我俯身跪拜在他脚边,瞥见那金线黑底的靴子后退了两步。

“好……好!朕……去看望皇后!来人!摆驾昭华宫!”

我松了口气,亦步亦趋跟在了那群宫人后面。

无论怎样,齐南泽去看了皇后,皇后娘娘便该好些了罢。

我想的没错,皇后见到齐南泽的时候脸色真的好了一些,我替他两人关上门,退到门外。

看着愈发密集的大雪,呼出一口气,气息在空中仿佛结了冰霜。

第2章 初遇时分

去年遇见齐南泽的时候,也是这样的天,初雪降临,万物莹白。

我同娘亲坐上马车离了将军府,前往国安寺上香。

初雪祈福,是我们家惯有的习惯,爹爹在兵部未曾回来,我便与娘亲收拾好了自行前去。

大抵因为雪天冷,国安寺今日的香客不太多。

马车停安稳后,我掀开帘子,扶着娘亲下了马车。

如同去年一样,我们先去拜见了方丈,而后大殿上香。

我听见娘亲祈求着我要平平安安,祈求父亲要官场顺利,唯独没求她自己的一丝一毫。

我望着面前的金面大佛,求他保佑我们一家要一直顺利健康,平平安安地在一起,而后便幻想着外面的雪都是上天给的祝福。

如此丰厚。

彼时我才十四,过了豆蔻之年才一年,尚有玩心,娘亲去与方丈说话时,我便在国安寺中闲逛着望望假山,瞧瞧花枝。

这国安寺我们来了多次,还算熟悉,娘亲也不甚担心。

可我们万万没想到,大雪这么纷纷扬扬下着,竟就封了路。

晚饭过后雪小了些,但路上的积雪未化,我们依旧走不了。

方丈为我们一人安排了一间厢房,就这么住下了。

然当我看完雪同花枝回房时,却闻到了房间中一股血腥气。

父亲是当朝大将军,身上常有伤,我对这气味并不陌生。

此时出声并非明智选择,于是我若无其事地回头准备偷偷出去叫人,却猛然被一只大手捂住了口鼻!

“不准出声,否则杀了你!”

亡命之徒。

我急忙点头,拍了拍他的手示意他放下。

血腥味很重,此人身上的伤应当很重。

他将我拖到桌边才放下了手,可眼前依旧黑魆魆的瞧不见人。

我同他商量,“我得点个灯,不然外面的人会生疑的。

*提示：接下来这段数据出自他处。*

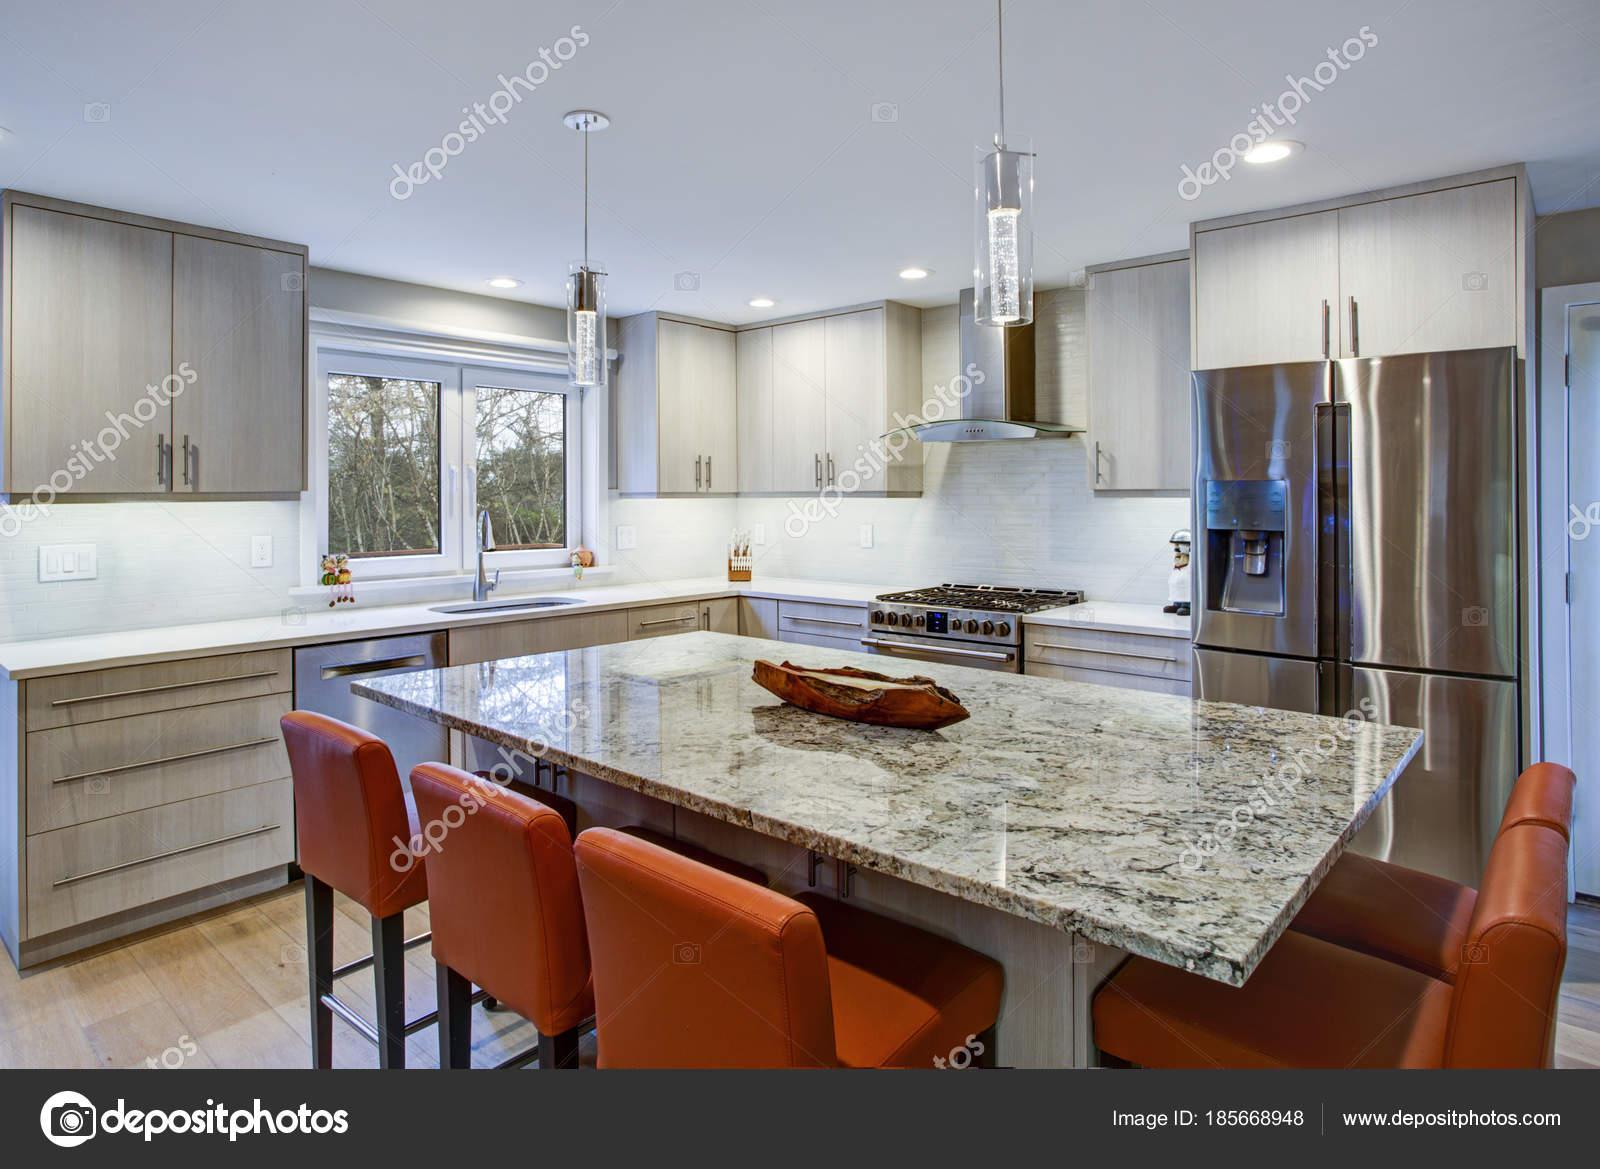 Sala Cozinha Com Ilha De Cozinha Stock Photo Alabn 185668948

”

黑暗中传来一个声音,“点。”

我摸索着桌上的火折子和蜡烛,点上了,光亮霎时间盈满房间。

顺着光亮我看见了一身玄黑色衣袍,而后是一块令牌。

我盯了一眼令牌上的纹饰,起身下跪。

“臣女拜见王爷。𝓜𝒜𝓛𝓘”

敬远王愣了一下,“……你怎知是本王?”

“王爷令牌上是皇室专用的纹饰,当今朝中仅有您一位王爷。”

面前这人便是敬远王,齐南泽,而当今陛下乃是齐南泽的皇兄。

我听见他闷笑了一声,“你倒细致……嘶!”

我下意识抬头看去,对上了一张年轻俊朗的脸,剑眉星目,只是那脸上表情有些痛苦。

“王爷可是受伤了?”

这话问的委实不太聪明,我分明都看见他肩膀处的伤和血了。

“臣女可帮王爷看看伤。”

“你会?”齐南泽语气质疑。

“臣女乃大将军之女,爹爹受伤时我常帮着处理。”

他好像有些惊讶,“你是温忠衡之女?难怪……”

我不知他在“难怪”什么,但他确实让我给他看伤了。

他受的是箭伤,大约是为了离开方便,箭头还断在了肉里,我犹豫着要不要帮他弄出来时,他便递给我一把匕首。

我用匕首将箭头挖出来,皮肉有些外翻。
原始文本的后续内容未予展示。